Pope Francis, wearing a protective face mask attends an inter-religious prayer service for peace along with other religious representatives in the Basilica of Santa Maria in Aracoeli, a church on top of Rome’s Capitoline Hill, on Oct. 20. (Photo by Andreas Solaro/AFP)

It then added that a successive question from the interview in the documentary was “inherent in a local law ten years ago in Argentina” about “equal same-sex couples marriages”′ and to the opposition of the then archbishop of Buenos Aires about it.
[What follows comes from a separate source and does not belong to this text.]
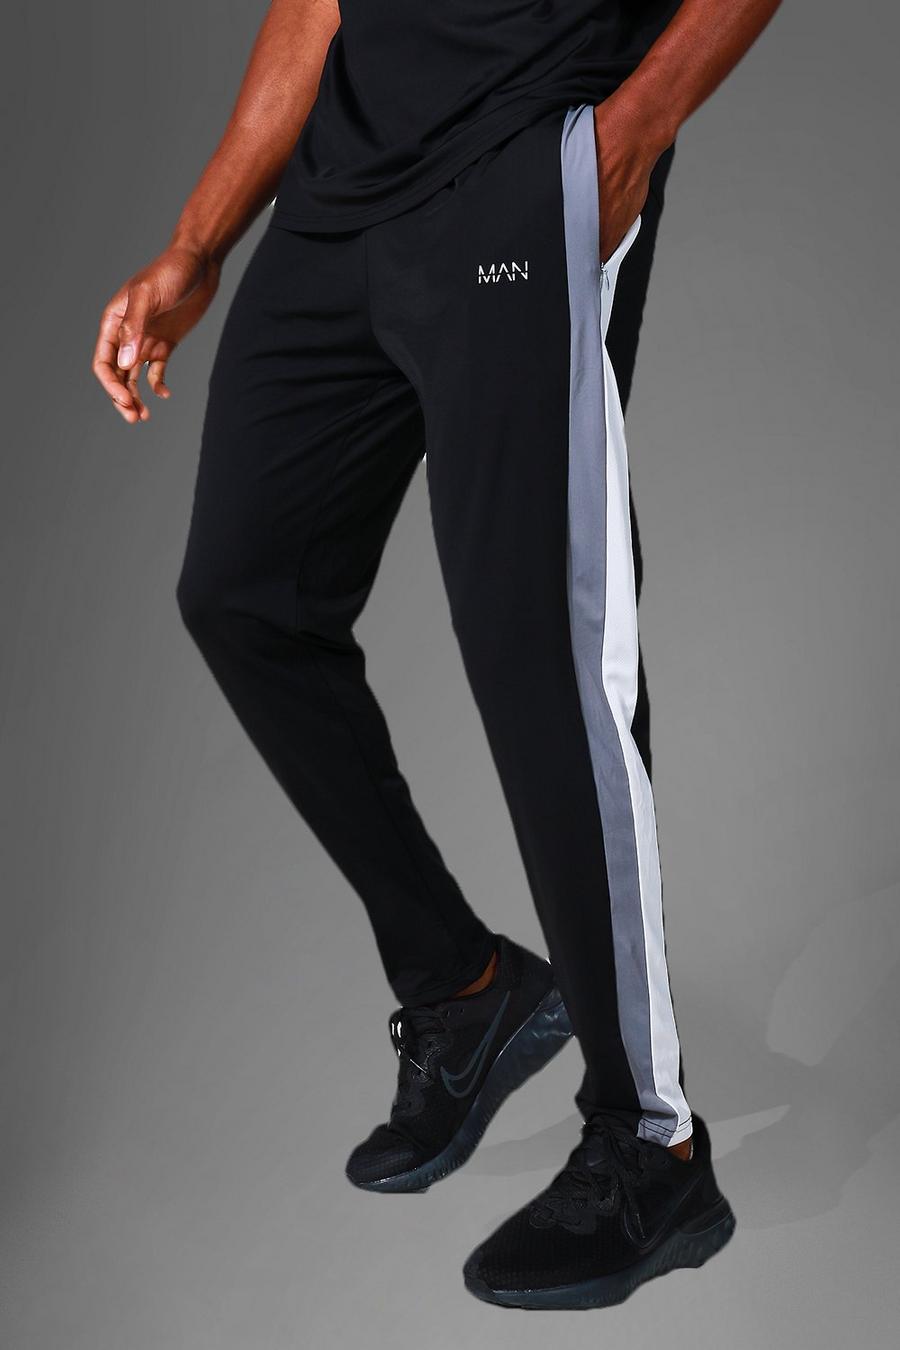 Pantalón deportivo MAN Active resistente con colores en bloque, Black negro image number 1

“Pope Francis has affirmed that ‘it is incongruous to talk about gay marriage,’ adding that, in that same context, he had discussed the right of these people to have some legal coverage: ‘What we need to do is a law civil coexistence; they have the right to be legally covered. I defended that.'”

“The Holy Father had expressed himself like this during a 2014 interview: ‘Marriage is between a man and a woman. Secular states want to justify civil unions to regulate various situations of coexistence, driven by the demand to regulate economic aspects among people, such as ensuring healthcare.

“These are coexistence covenants of different nature, of which I would not know how to give a cast of different forms. It is necessary to see the various cases and evaluate them in their variety,'” the pope was quoted as saying.

“Therefore it is clear that Pope Francis has referred to certain state provisions, not certainly the doctrine of the Church, many times reaffirmed over the years,” read the post of Archbishop Coppolo.

Nothing new

Pope Francis’s earlier statement stirred mixed reactions fueled by various media interpretations.

The pontiff’s brief comments in the documentary film “Francesco” was reported by several news outlets as departing from the position of the Vatican’s doctrinal office and the pope’s predecessors on the issue.

The pope’s pronouncement, however, was not a departure from earlier remarks he made about civil union laws that can provide legal protection for couples in long-term, committed relationships.

“Homosexual people have a right to be in a family. They are children of God and have a right to a family,” said Pope Francis in the film that premiered in Rome on Oct. 21.

“Nobody should be thrown out or be made miserable over it. What we have to create is a civil union law. That way they are legally covered,” he said.

In previous pronouncements, the pontiff repeatedly said that parents should not and must not disown a child who is gay, and, on several occasions, he spoke about the rights all people have to have a family.

In a 2019 interview, the pope said he “always defended doctrine,” referring to marriage, adding that it is “a contradiction to speak of homosexual marriage.”

Pope Francis arrives to lead his weekly general audience in the Paul VI hall at the Vatican on Oct. 28. (Photo by Tiziana Fabi/AFP)

Pope Francis has made it clear in previous pronouncements that he upholds church teachings on human sexuality, marriage, and family.

“Francesco,” a new documentary on the life and teaching of Pope Francis. Directed by Evgeny Afineevsky, it tackles some of the main themes of the pope’s pontificate through a series of interviews that are interwoven with stories from past.

It includes exclusive interviews with Pope Francis himself, with Pope Emeritus Benedict XVI, with members of the pope’s family, among others.

The film also highlights the “challenges of our time,” the urgencies that need answering and the mission of the Church in looking after those who suffer injustices.

A communiqué presenting the movie said Pope Francis answered questions “with wisdom and generosity” sharing “moving examples of his life lessons,” relaunching ideals that “can help us build a bridge to a better future and grow as a global community.”

The film premiered in Rome on Oct. 21 at the Rome Film Festival in the Special Events Section.